Adelaide closed our front door behind her and hurried down the path towards me.
‘Right, I’m off to church and I have just popped the roast in so it will be well on the way when I get back.’ She cocked her head birdlike to one side and looked me up and down. ‘Now, don’t worry about anything while you’re away. I’ll look after your dad. This is your time, go for it, as you young ones say.’ Her lips twitched at the corners and then lifted for at least two seconds.
There was an unexpected lump of emotion growing in my throat, and before I could talk myself out of it, I stepped forward and put my arms around her. She felt solid and dependable and I wondered what I’d do without her.

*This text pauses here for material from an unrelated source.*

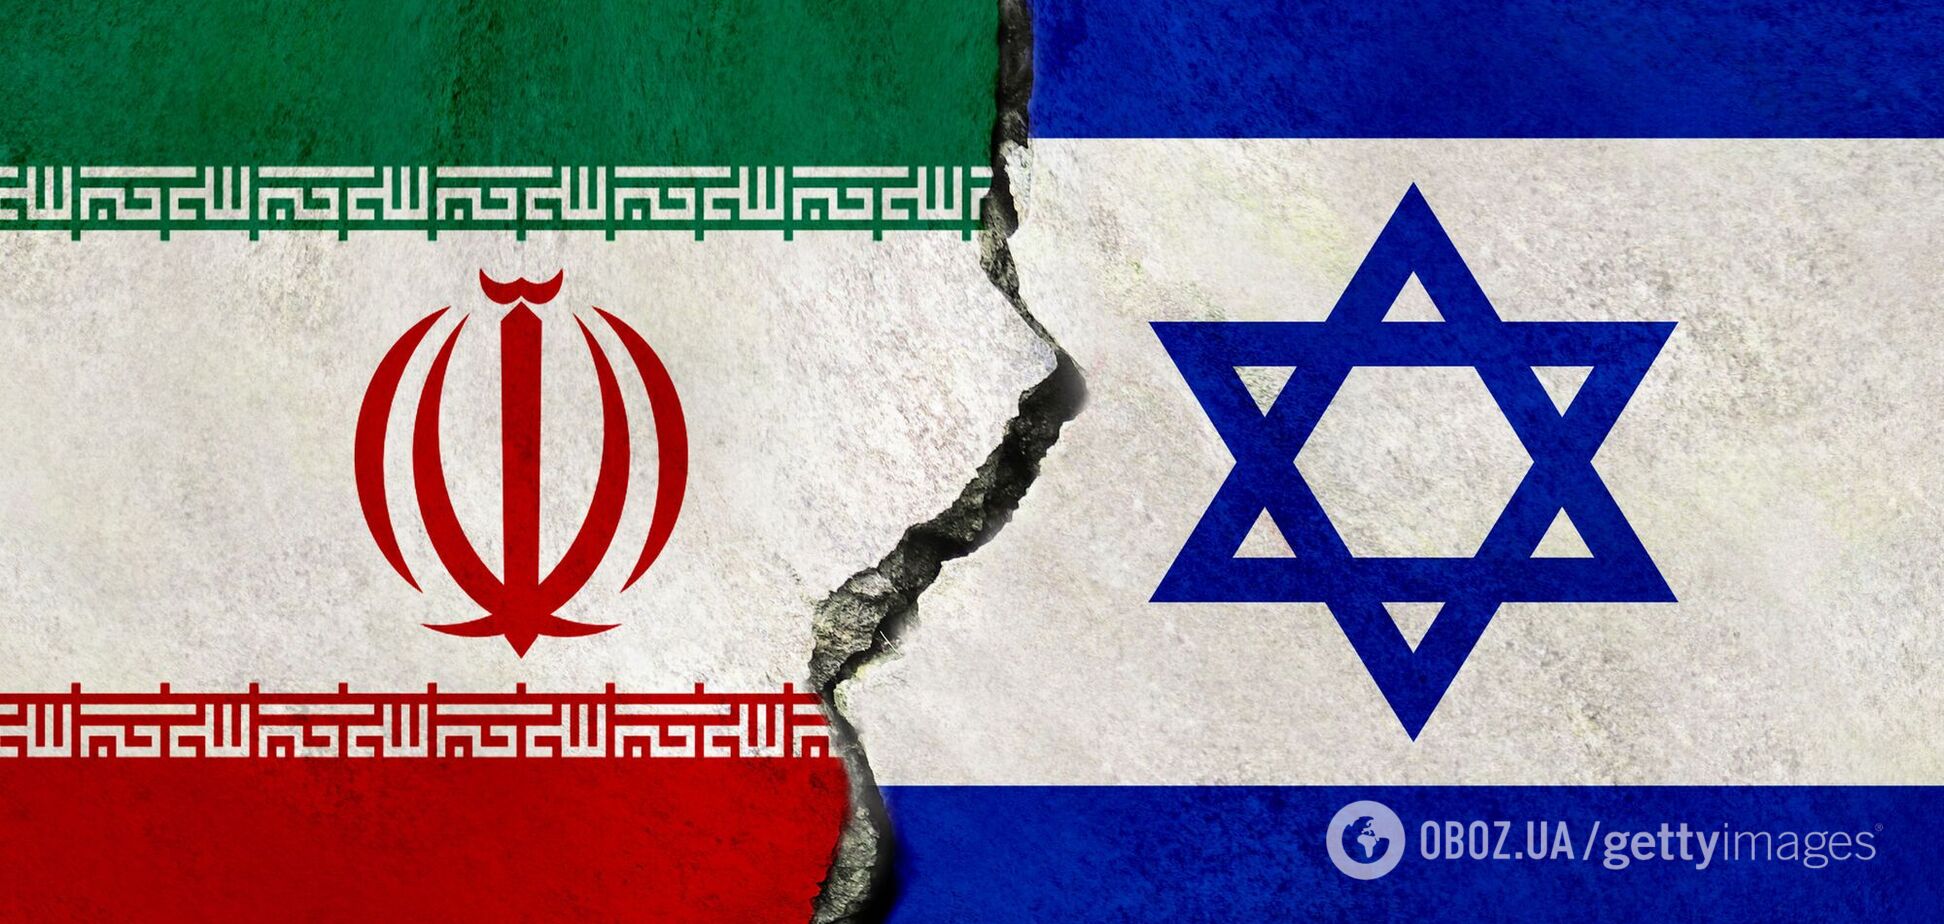 Израиль нанес ракетный удар по объекту в Иране, полеты над Тегераном и другими городами приостанавливали. Все подробности

Adelaide said something that sounded like, ‘Awumha’ and patted my back a little too hard.
‘I can’t begin to thank you for everything you’ve done lately, Adelaide,’ I said looking away from her moist eyes, in case mine tried to copy them.
Adelaide flapped her hand and looked into the boot of my car. ‘Nonsense, I did what any good neighbour worth her salt would have done.’ She eyed the iron and frowned.
‘We both know that’s not true,’ I said, closing the boot and leaning my hip against it. ‘You made me realise it was time to cast away stones and that was the most important thing ever.’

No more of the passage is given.